▶ [Assignment]: Pictures in the listing below are skipped, while the lines from the "充电宝游戏机广告淘宝主图视频拍摄制作案例,淘宝主图拍摄详情页制作案例" line through the "جودار رئيسا لعصبة" line are returned word for word.

▶ [Available data]:
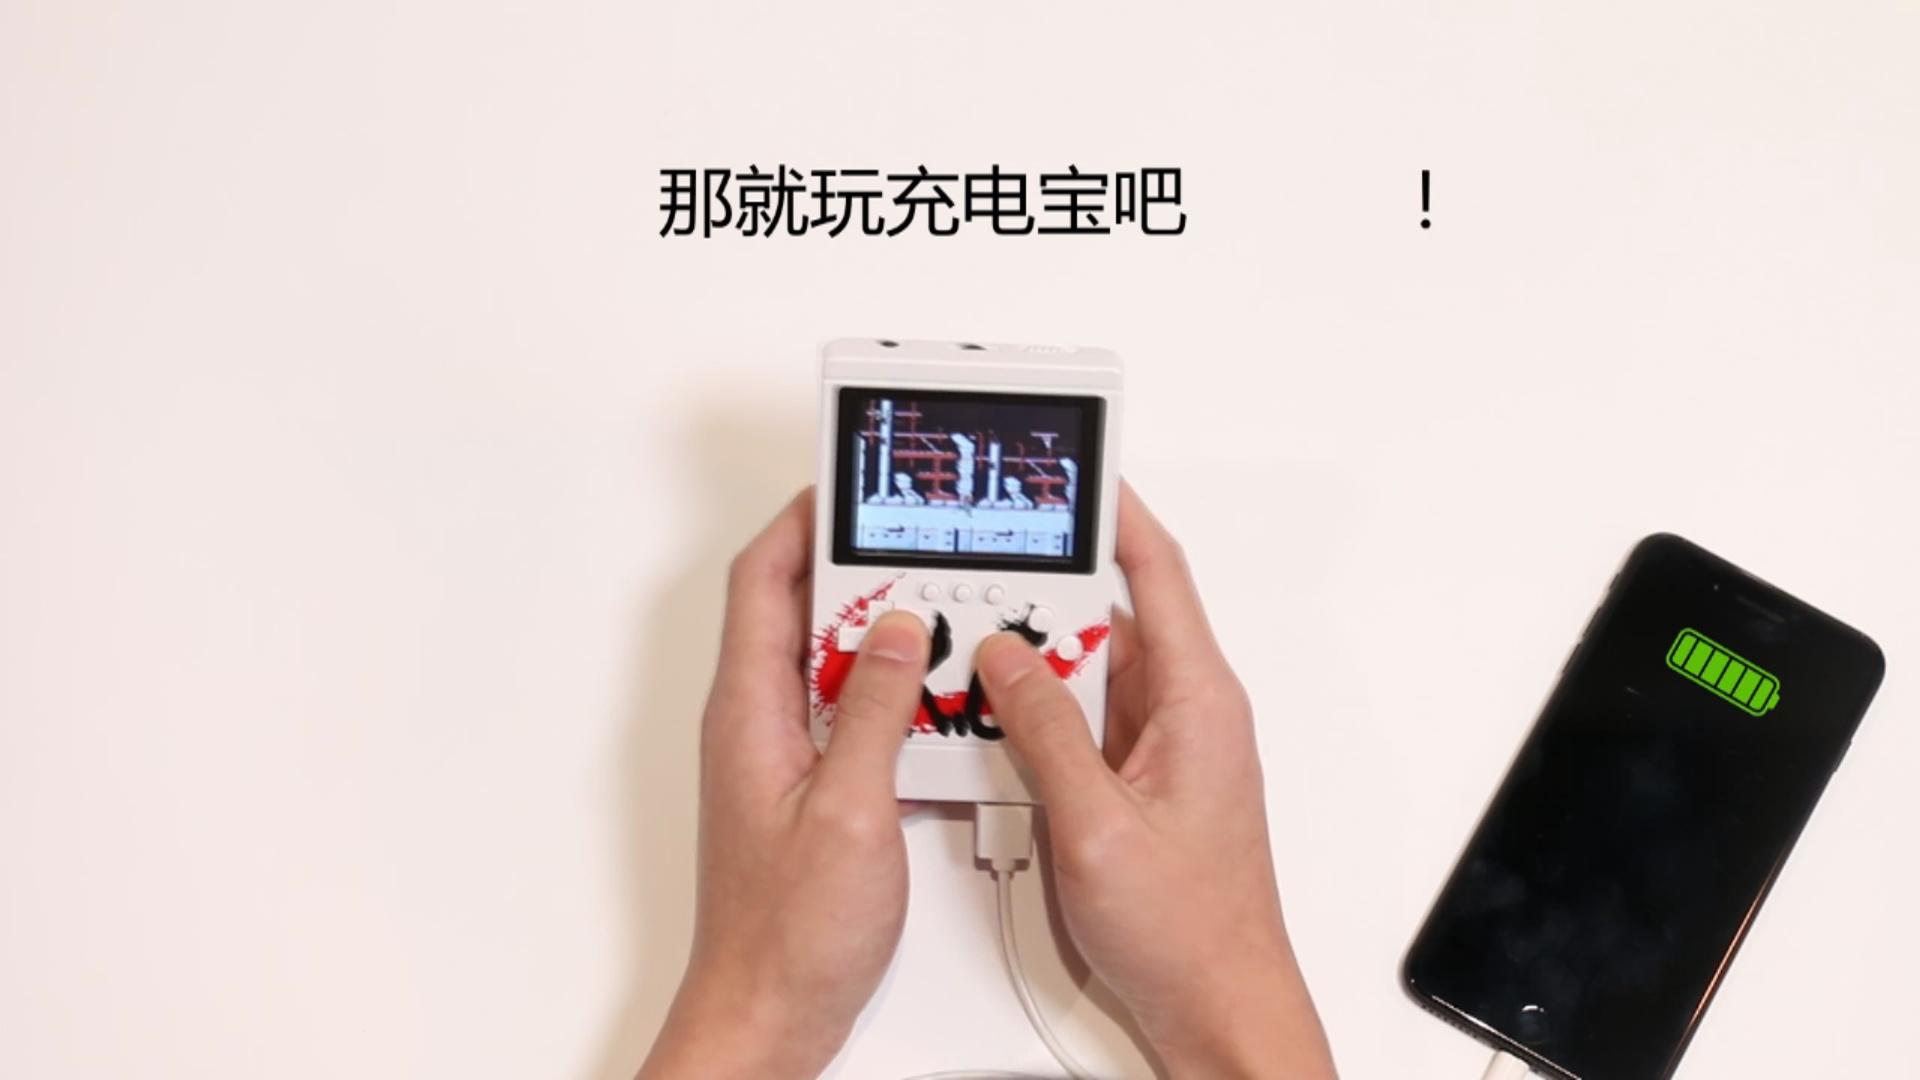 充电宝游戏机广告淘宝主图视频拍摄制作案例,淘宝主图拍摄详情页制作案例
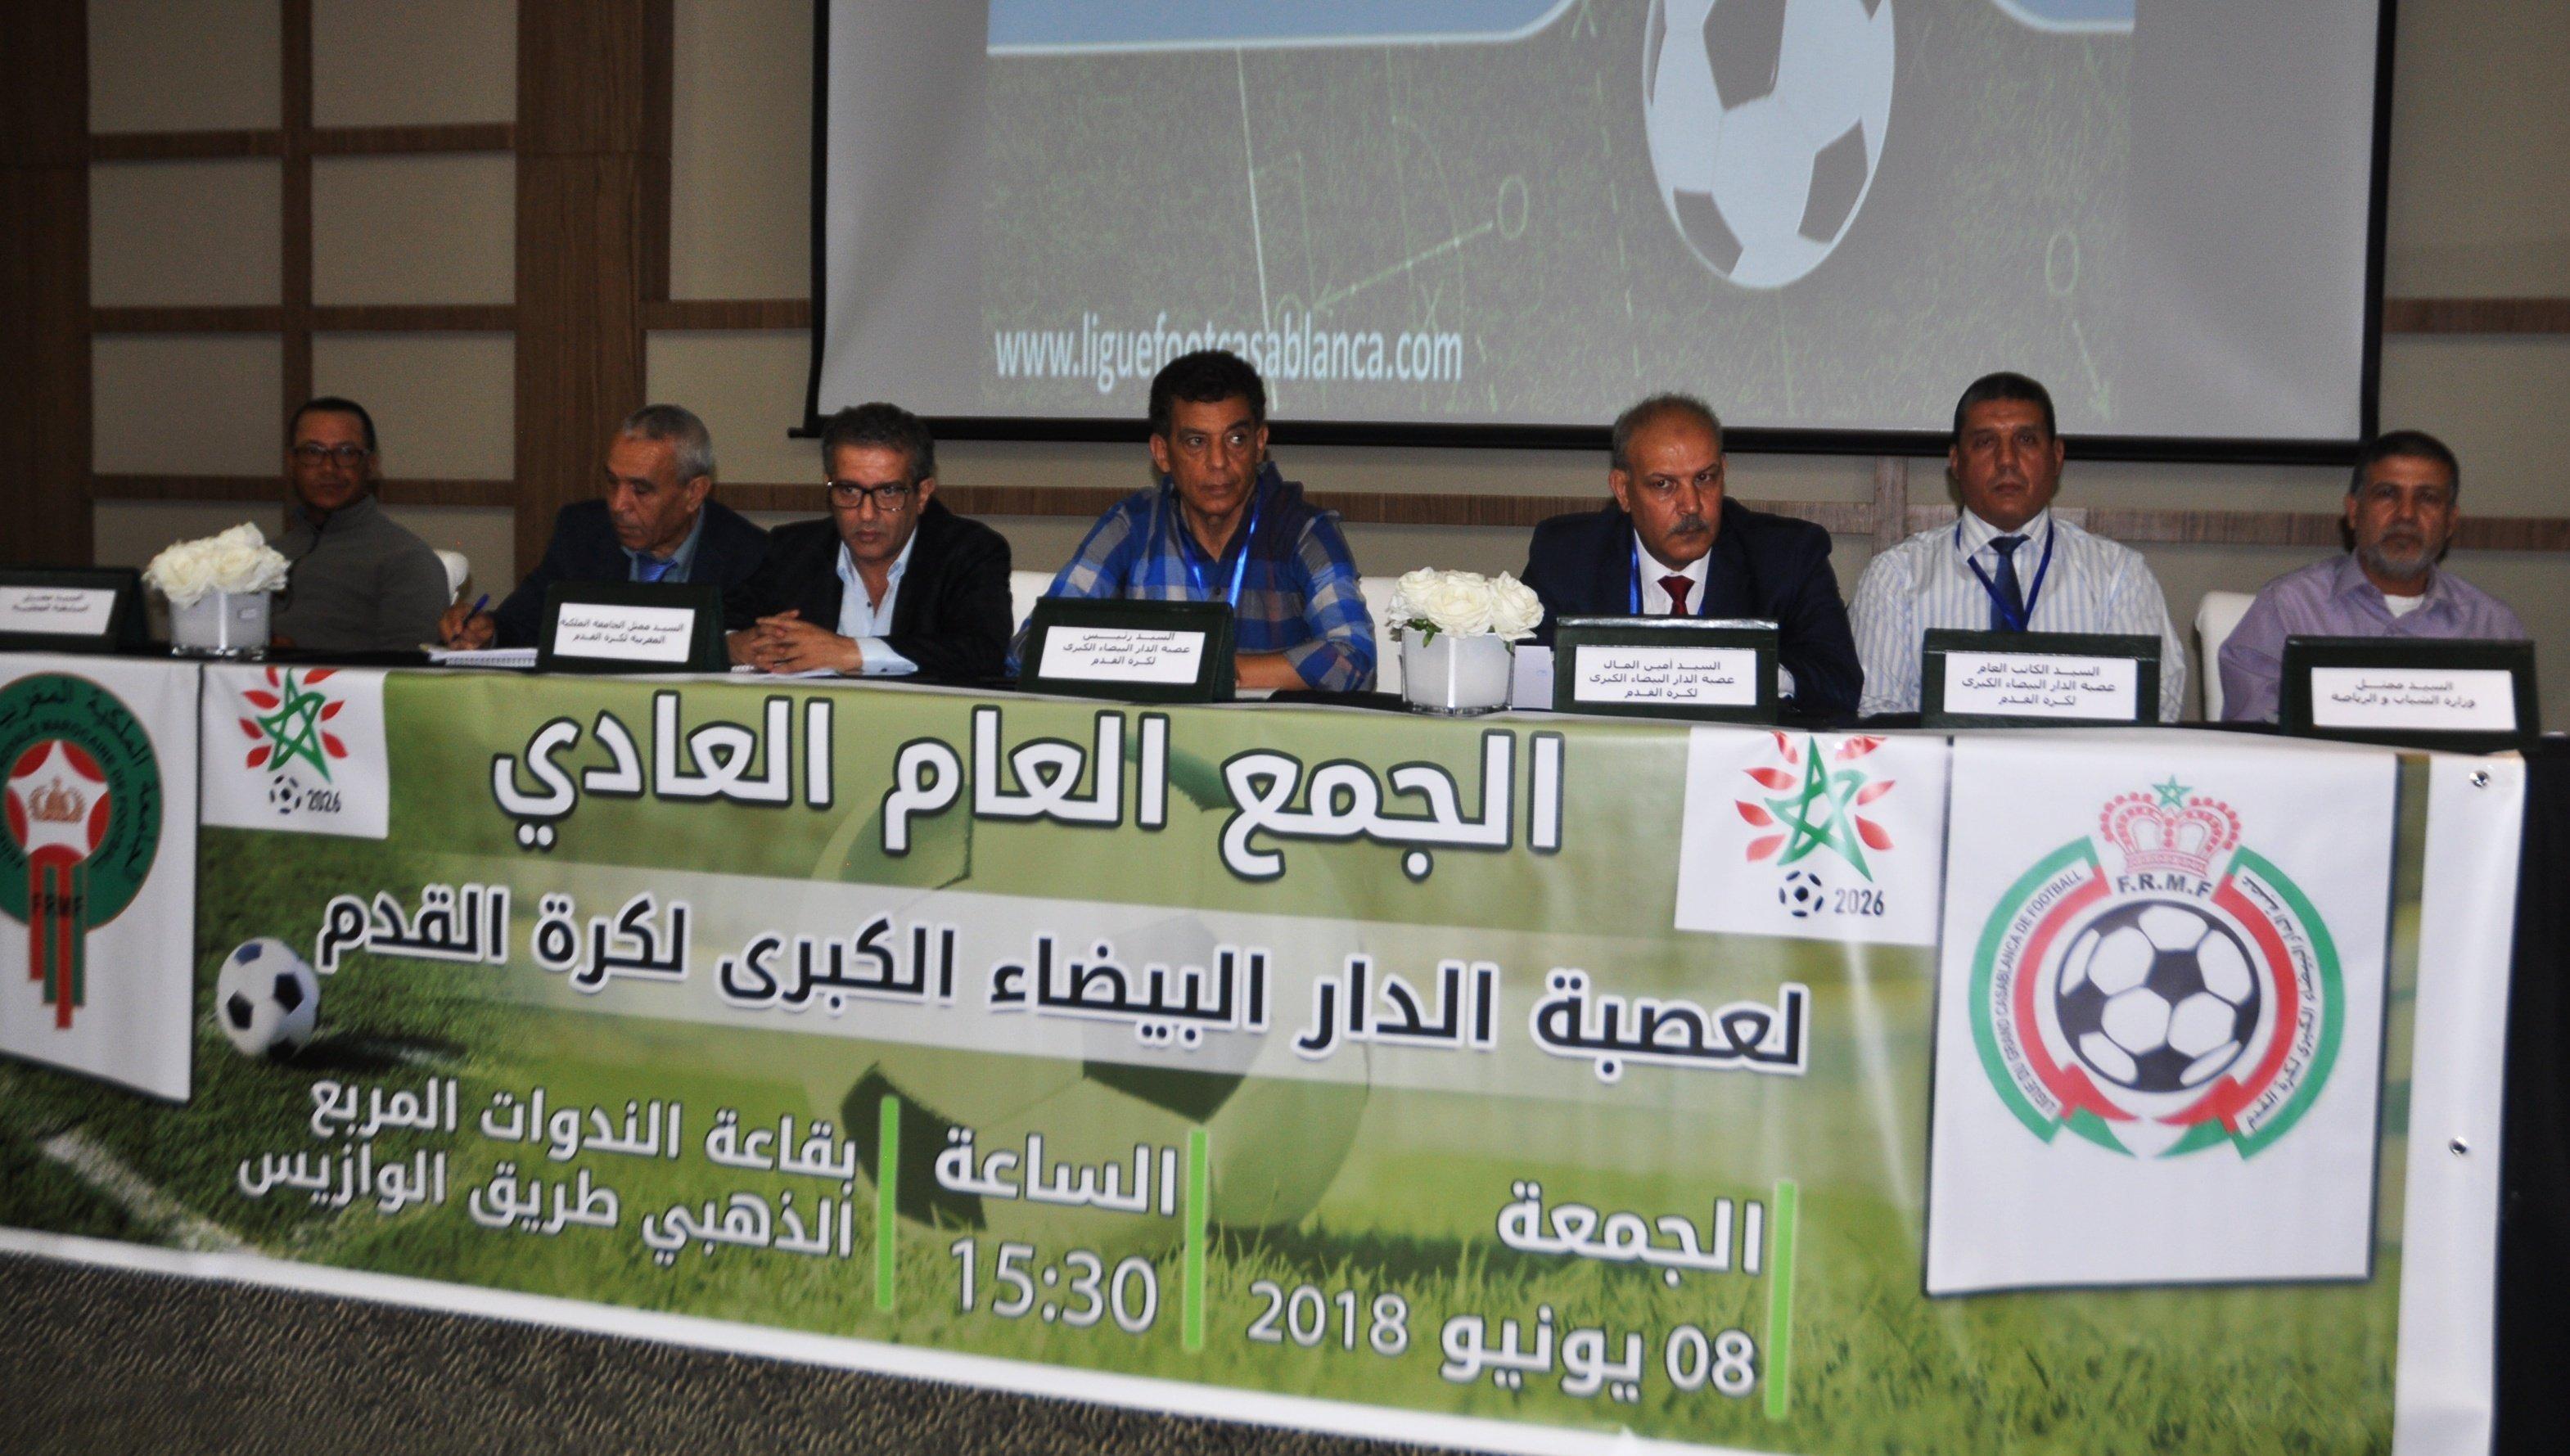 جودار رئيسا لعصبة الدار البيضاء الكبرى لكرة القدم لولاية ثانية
* * *
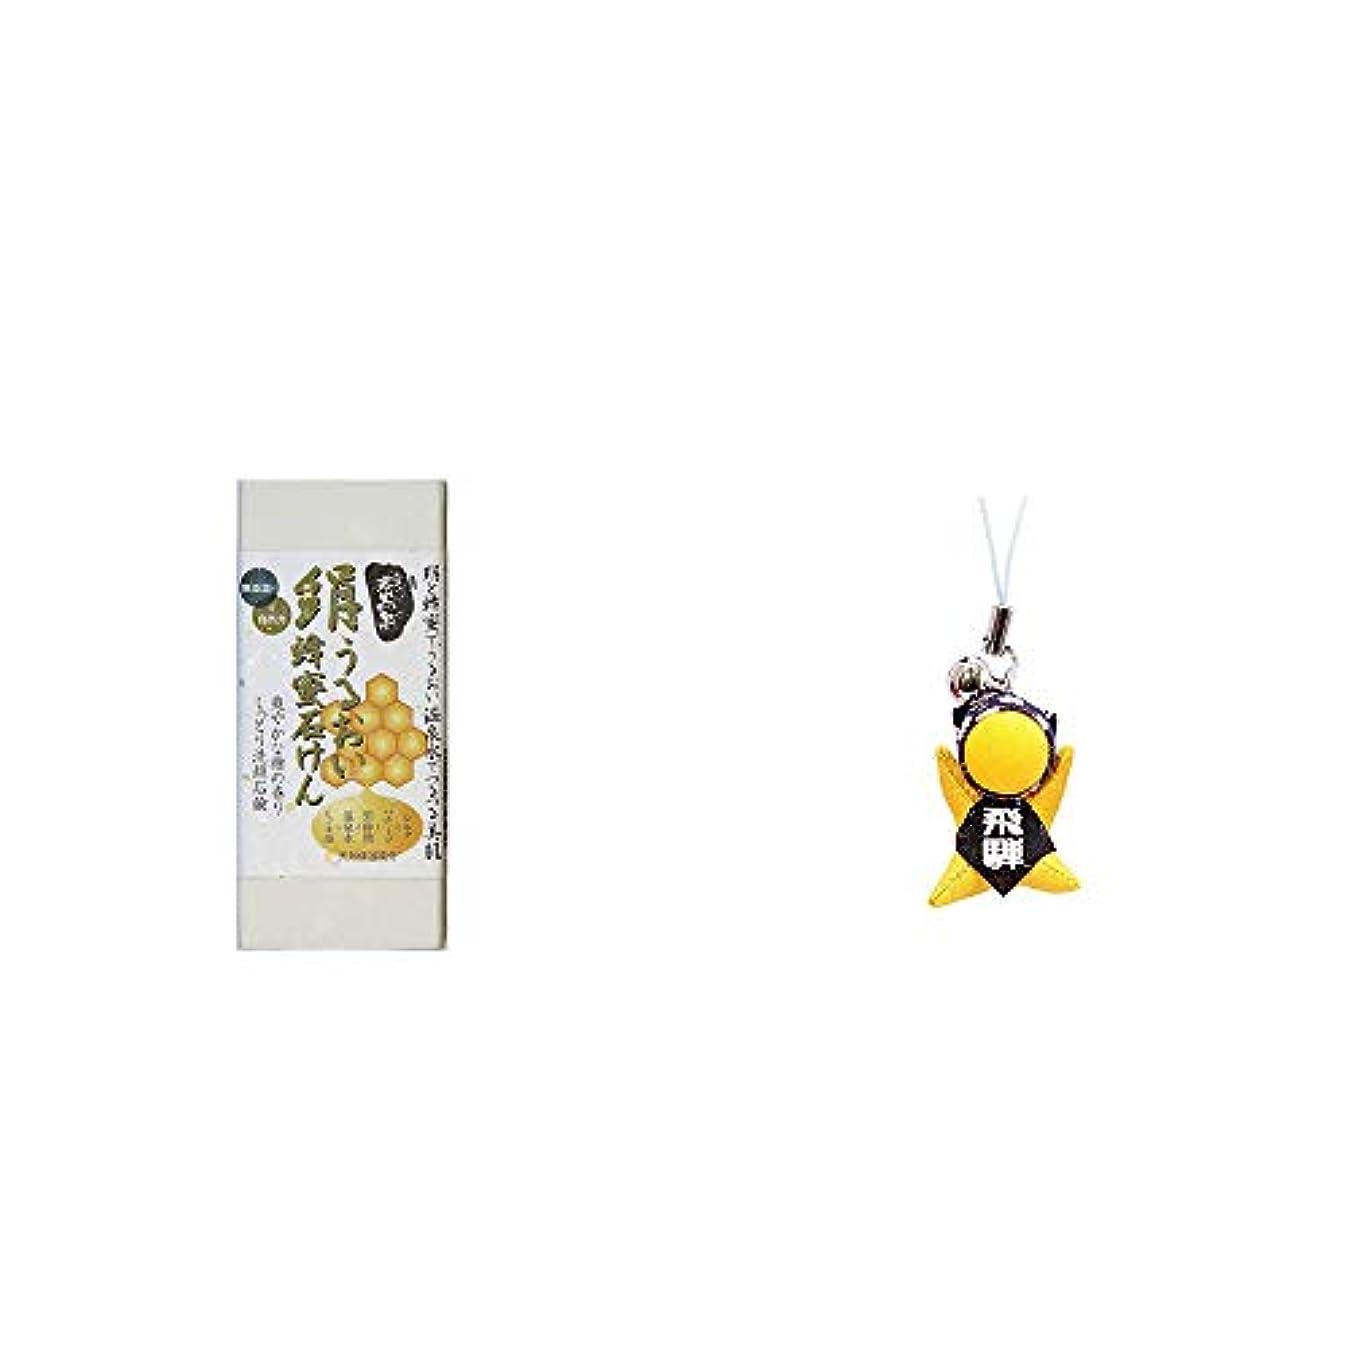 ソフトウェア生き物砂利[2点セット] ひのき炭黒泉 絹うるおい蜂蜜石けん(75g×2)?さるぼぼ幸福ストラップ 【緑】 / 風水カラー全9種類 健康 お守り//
==
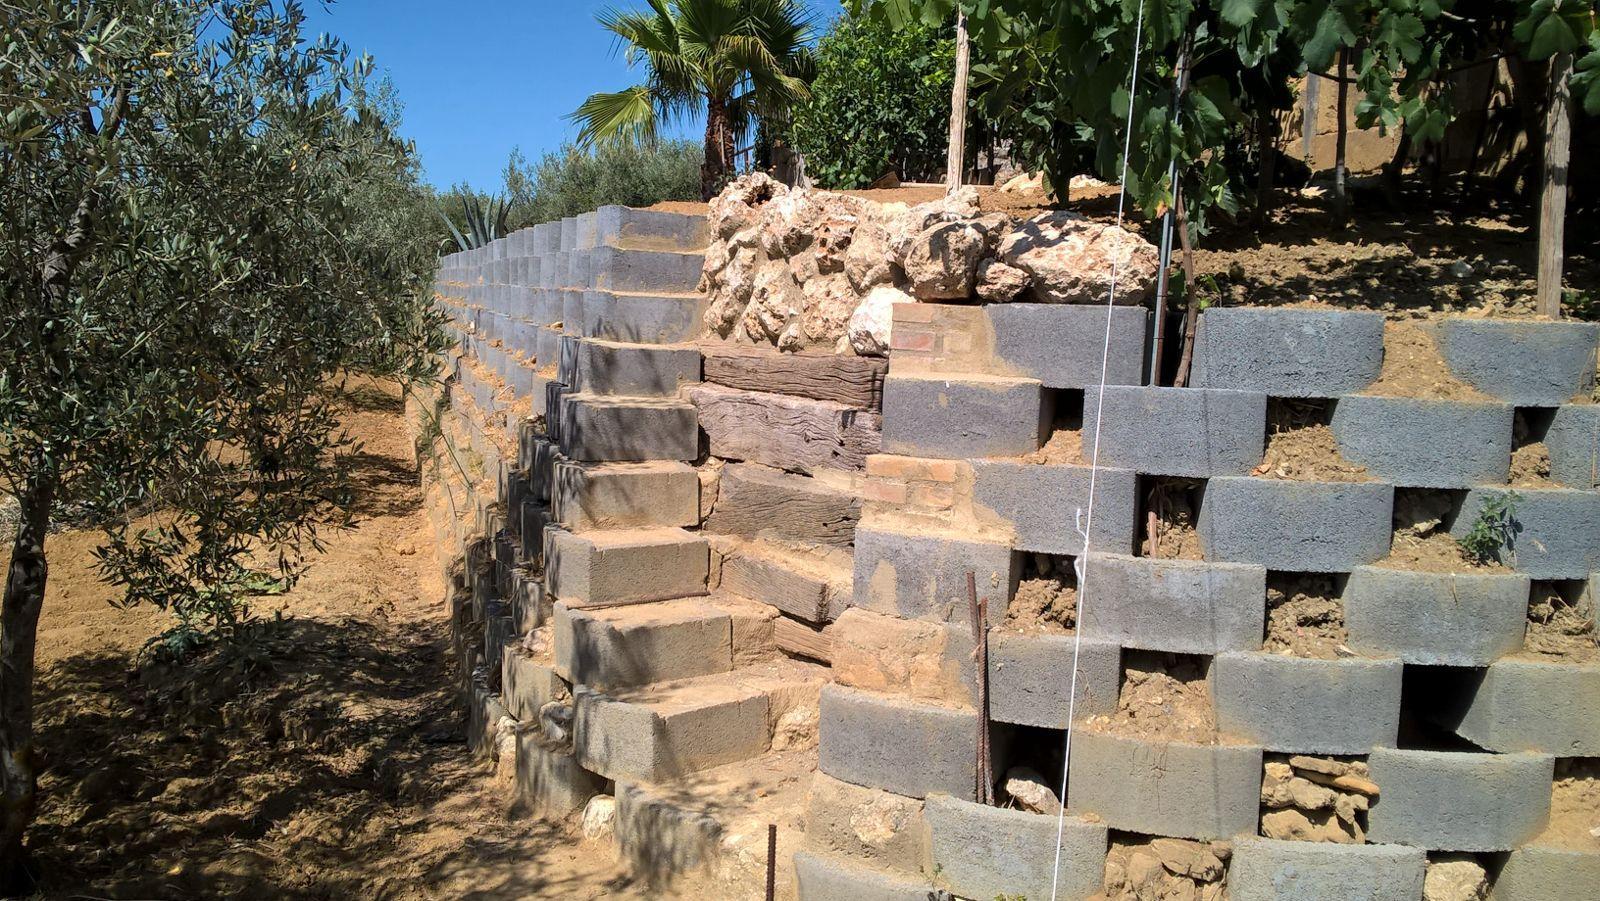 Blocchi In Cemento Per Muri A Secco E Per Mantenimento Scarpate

▶ [Task response]:
 充电宝游戏机广告淘宝主图视频拍摄制作案例,淘宝主图拍摄详情页制作案例
 جودار رئيسا لعصبة الدار البيضاء الكبرى لكرة القدم لولاية ثانية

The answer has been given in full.